Standard & Poor’s (S&P) has just released the findings of its latest Case-Shiller Home Price Indices, the leading measure of U.S. home prices that charts monthly price trends in the housing market.
The newest report, which surveys home prices for July, found monthly prices from June were up nationally by 0.9 percent for both the 10- and 20-City Composites, the fourth consecutive positive month for the indices.
Houston is not represented in the Case-Shiller, but the indices do track prices in Dallas, which posted a 0.9 increase that was consistent with the national average.
David M. Blitzer the chairman of the S&P Indices Index Committee, said that beyond the Case-Shiller’s monthly findings, annual statistics were even more promising, though housing is most likely showing seasonal gains from summer home buying.
“With July’s data we are seeing not only anticipated monthly increases, but some fairly broad improvement in the annual rates of change in home prices,” Blitzer said. “This is still a seasonal period of stronger demand for houses, so monthly price increases are expected and were seen in 17 of the 20 cities.”
National home prices have returned to their 2003 levels, though the market still suffers somewhat when compared with home prices from 2010. For the 10- and 20-City Composites, prices are down 3.7 and 4.1 percent, respectively.
Blitzer also commented on a couple other positive findings in S&P’s research, though he did warn that housing is not quite out of the woods.
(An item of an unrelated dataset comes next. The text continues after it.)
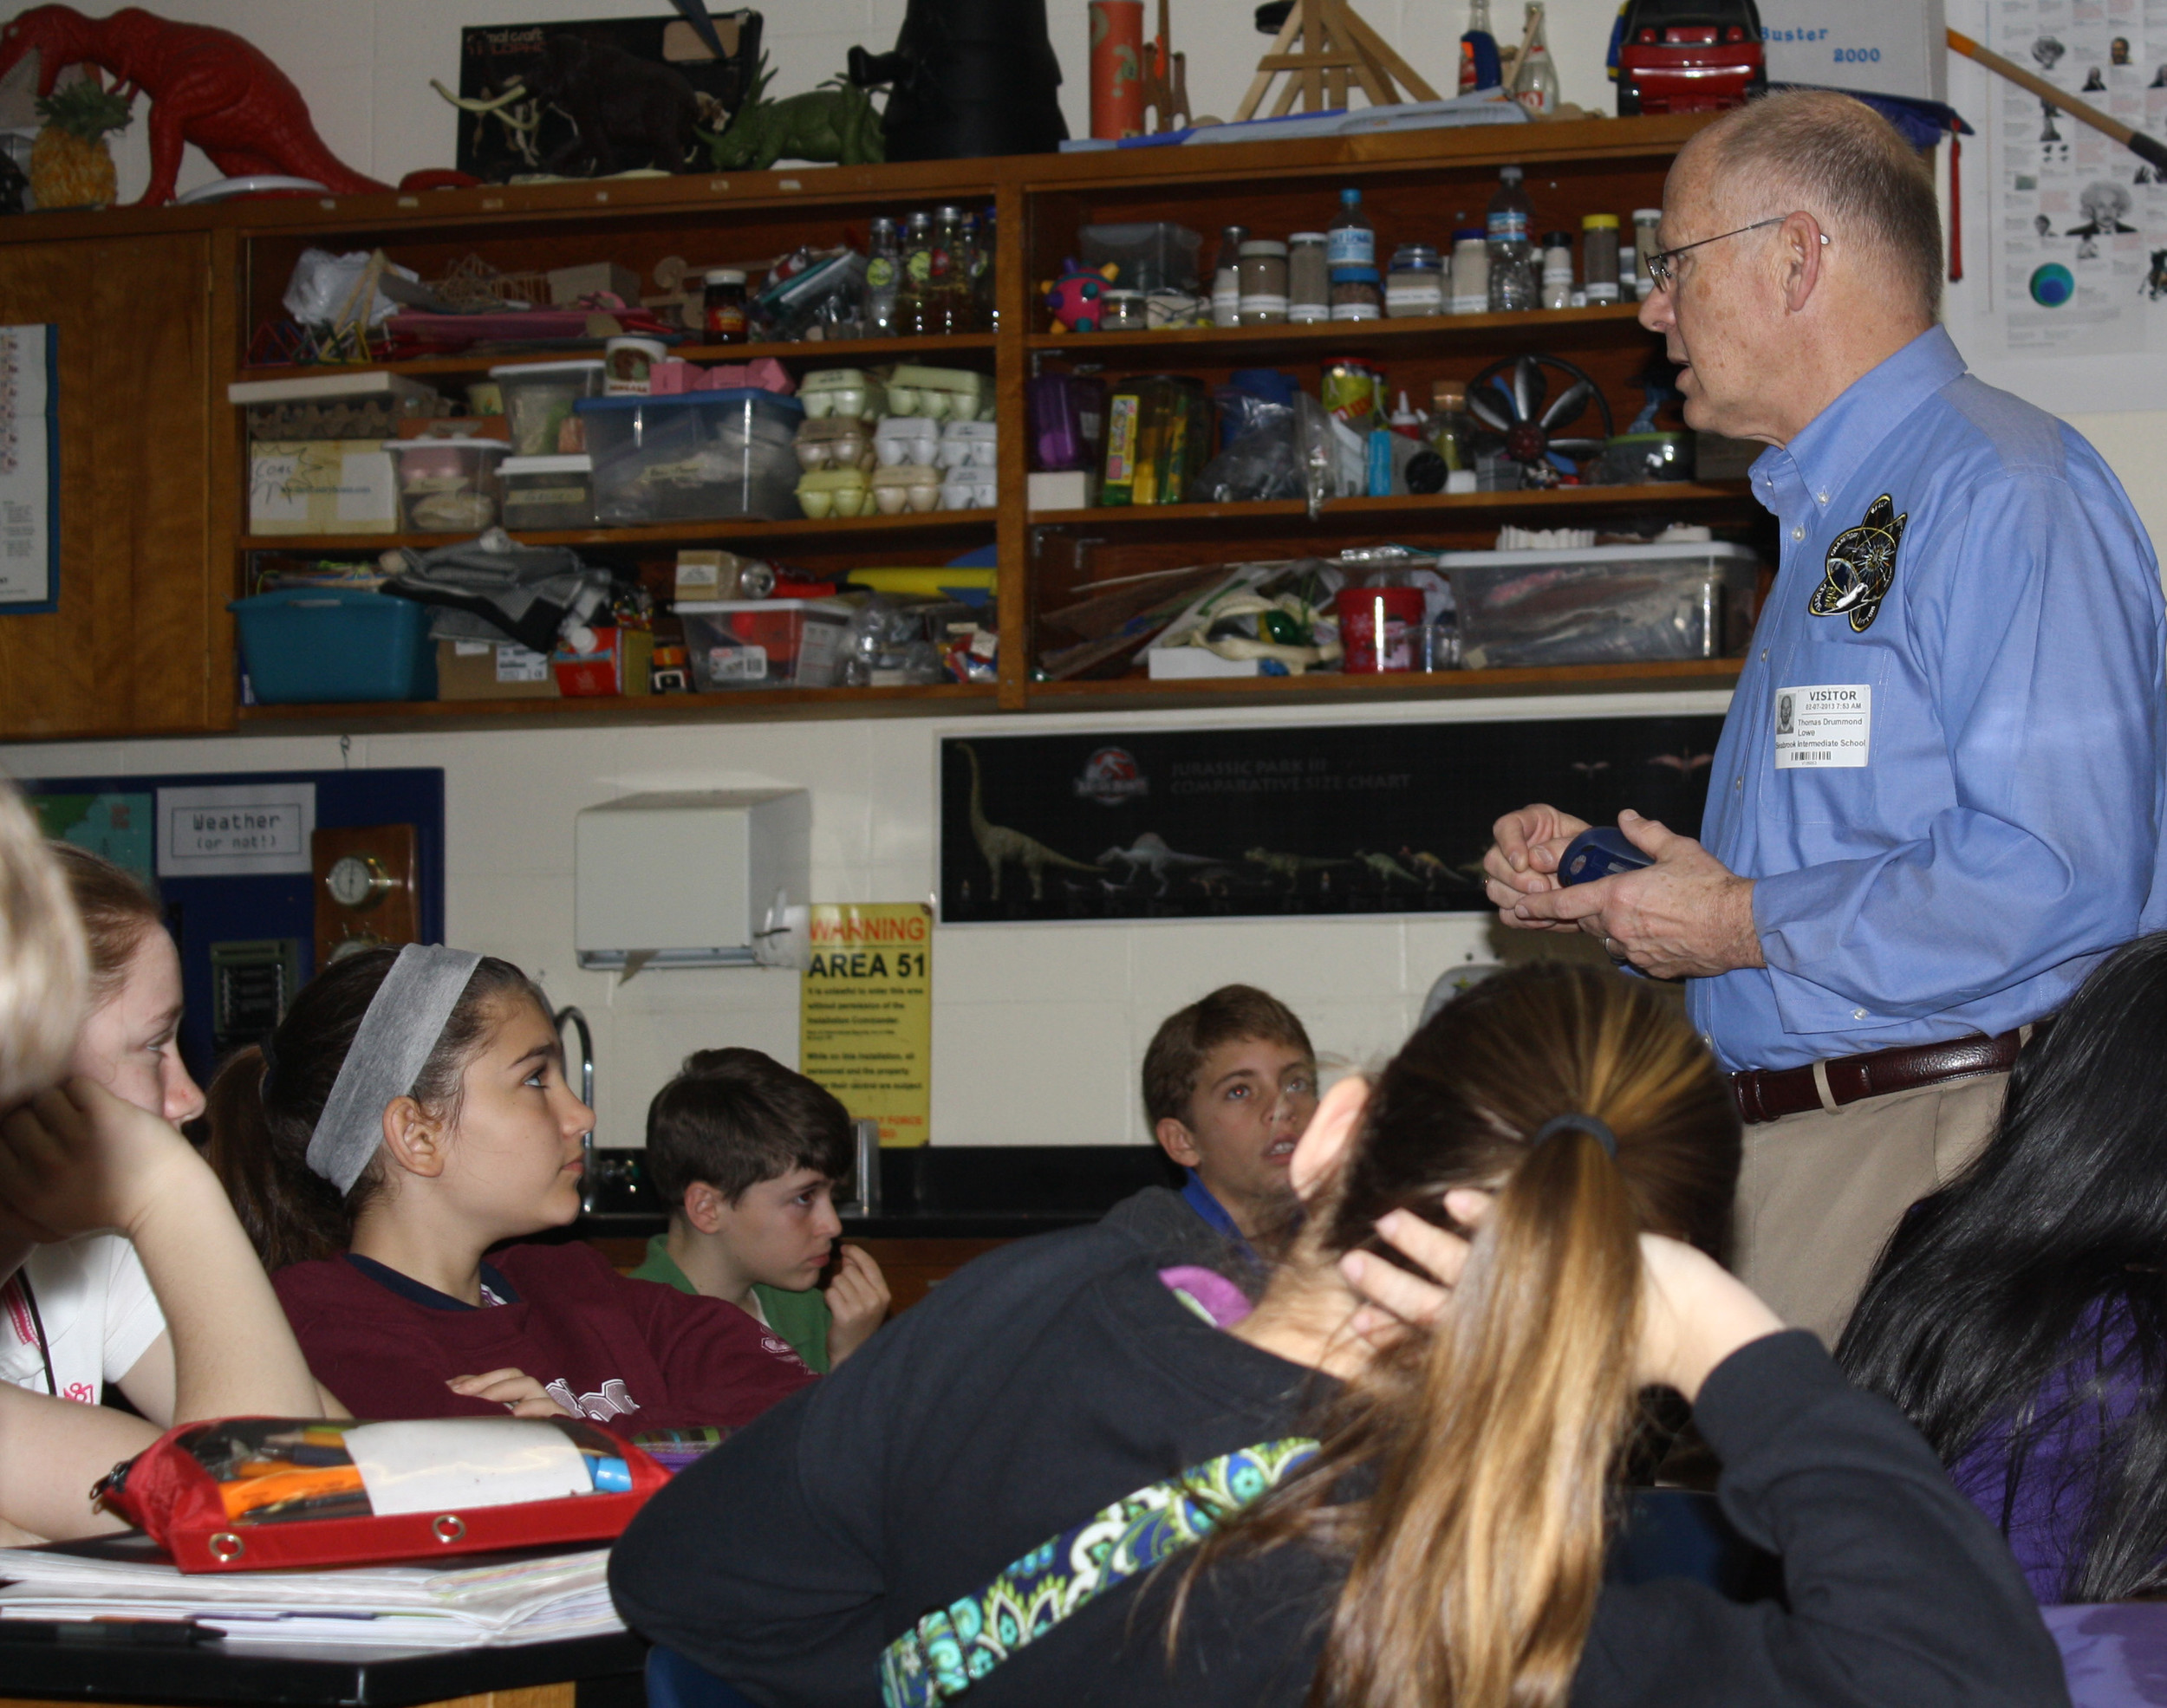 Orion’s Quest Program Director Tom Drummond addresses a group of students at Seabrook Intermediate School in Texas.

“Existing-home sales … were up in August and are about 20 percent above their August 2010 level. The S&P/Experian Consumer Credit Default indices showed a continuing decline in mortgage default rates, a two-year trend,” Blitzer said. “However, if you look at the state of the overall economy and, in particular, the recent large decline in consumer confidence, these combined statistics continue to indicate that the housing market is still bottoming and has not turned around.”